The pass is 500 m wide; however, the navigable channel narrows to 100 m, and is awash with whirlpools, eddies, overfalls, rips and counter-currents. With care, a vessel can navigate the pass within an hour either side of slack water.

A prudent mariner will time their passage through here to coincide with a change of tidal stream, when counter-currents and whirlpools lessen.

Warning 1: Tidal stream times are approximate only. Slack water, if it occurs at all, is brief

Warning 2: It is dangerous to attempt it under sail

Warning 3: It is very dangerous to try it against the stream, unless the boat can travel at at least 8 knots under engine power

At night, the lighthouse on the mainland has a white and a red sector on both sides (identification F WR). If a boat is on the correct course, the white sector is visible, if you leave this sector, the red light becomes visible. The range of the red light is 10 nmi, and that of the white light 17 nmi. The red sector is obscured in Waikawa Bay by Two Island Point. The beacon on the reef emits a white glow every 1.5 seconds (identification F W), with a range of 4 nmi.

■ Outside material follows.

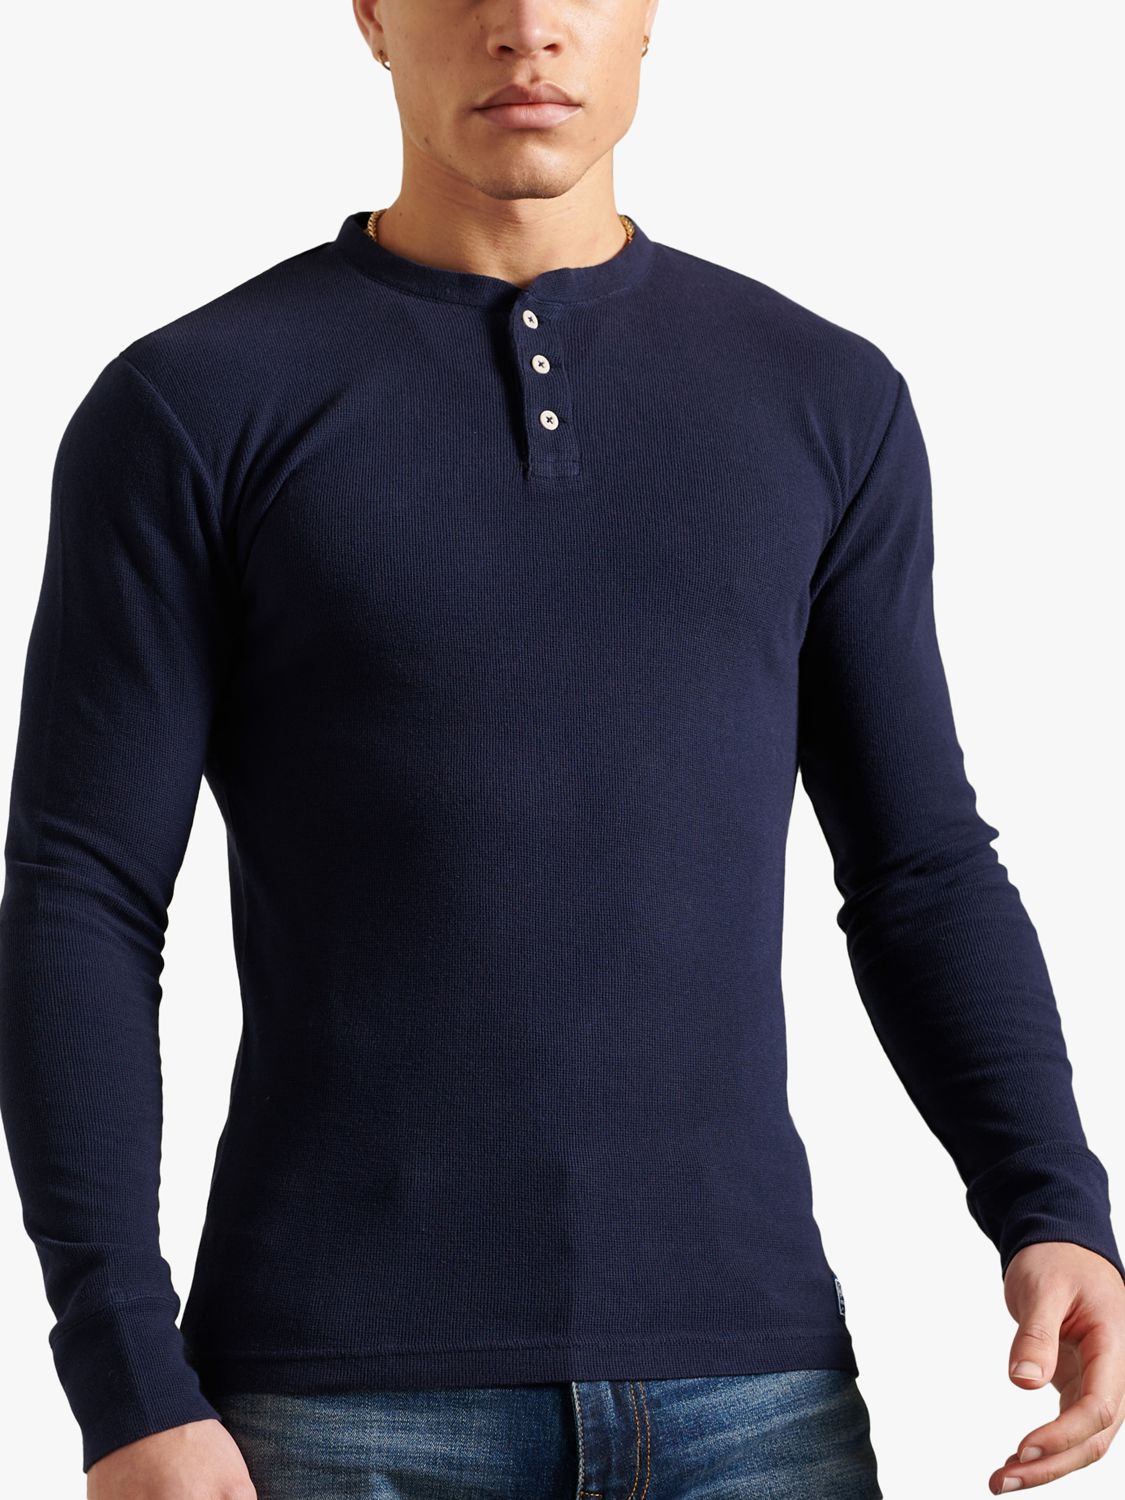 Men's Organic Cotton Long Sleeve Waffle Henley Top in Brilliant
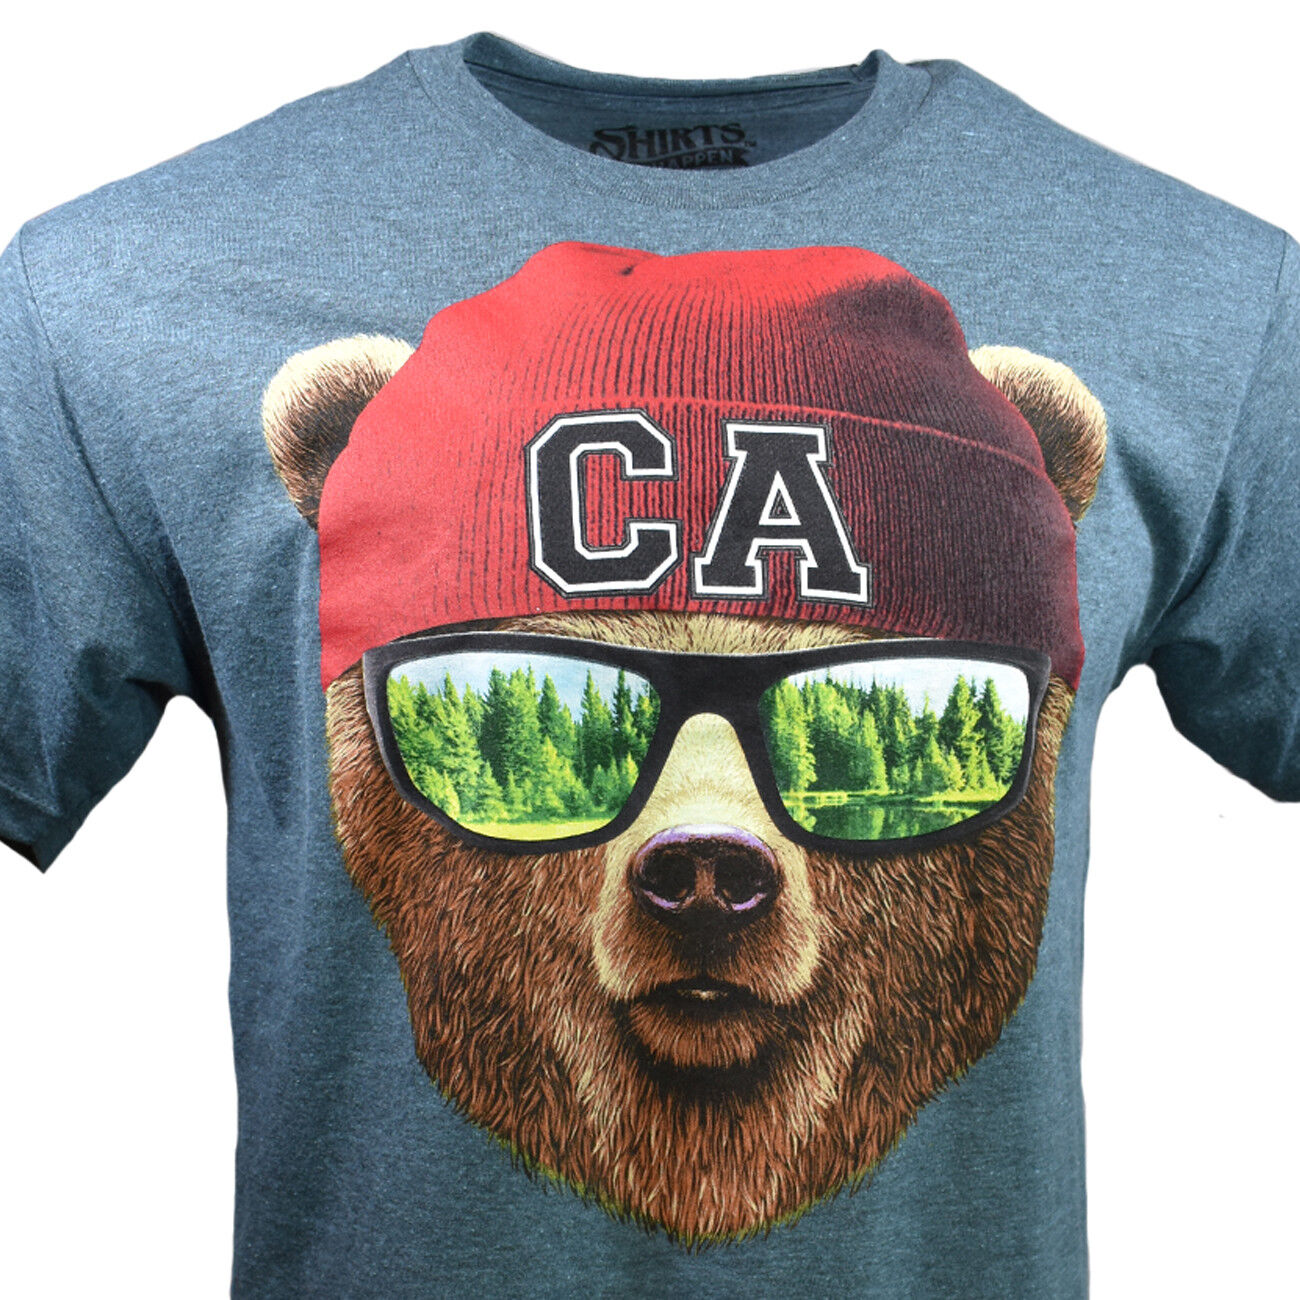 California Bear T-Shirt - CA Bear with Sunglasses and Beanie Graphic Print on Heather Slate Color

A note on nautical chart NZ6151 directs mariners to provide an “All ships, all ships” warning to other vessels on channel 16 VHF ten minutes prior to entering the pass, stating the direction of travel. The warning helps to prevent a boat meeting another one coming from the opposite direction, especially as it is not possible to see others approaching when travelling from the north east in time to avoid collision.

The approach from the south west is through an area called the Current Basin. A shallow area, called Middle Bank, is marked with a green buoy, and this should be kept to port heading towards the pass, and starboard heading away from it. The position and depth of Middle Bank is liable to change.

Fisherman or Coutre Pass at the northern end of the reef should only be attempted with local knowledge.

== French Pass Reef Beacon ==

The lighthouse's companion beacon located across the channel on the edge of the reef, at latitude -40.922931 longitude 173.833739. Its structure is cylindrical concrete turret, painted white. It stands at 5 m high, and at night emits a white glow every 1.5 seconds, with a range of 4 nmi.

Its formal identifiers are ARLHS: NZL-069 - Admiralty: K4240 - NGA: 5032.

== History ==
From 1854 to 1880 the only navigational aid that sailors had going through the pass was an iron perch erected on the end of the reef.  In 1881, that was replaced with a concrete beacon. By this time, passenger and mail steamers regularly took a shortcut through the pass, at night, when travelling between Nelson and Wellington.

Despite the known dangers, it was not until 1892 that a ship's lamp was attached to the beacon, only to be struck shortly afterwards by a steamer, causing considerable damage to both the beacon and the boat. It was not until two years after that, that a lighthouse was constructed on the mainland side of the pass, facing towards the repaired beacon. A house for the lighthouse keeper was built on the cliff above with a connecting 100-step stairway to give access to the light.

On 1 October 1884 the lighthouse and beacon were officially lit.

In 1961, the lighthouse was automated, meaning the single lighthouse keeper no longer had to risk his life re-lighting the beacon light in a gale or replenishing it with oil at “slack tide”. The keeper was withdrawn in 1967.

== Access ==
Neither the lighthouse and its staircase, nor its companion beacon is open to the public; although they can be seen from a boat and there is a good lookout over French Pass a short walk from nearby Elmslie Bay Wharf.

== Operations ==
Like all lighthouses in New Zealand, both lights are remotely controlled by Maritime New Zealand from a central control room in Wellington.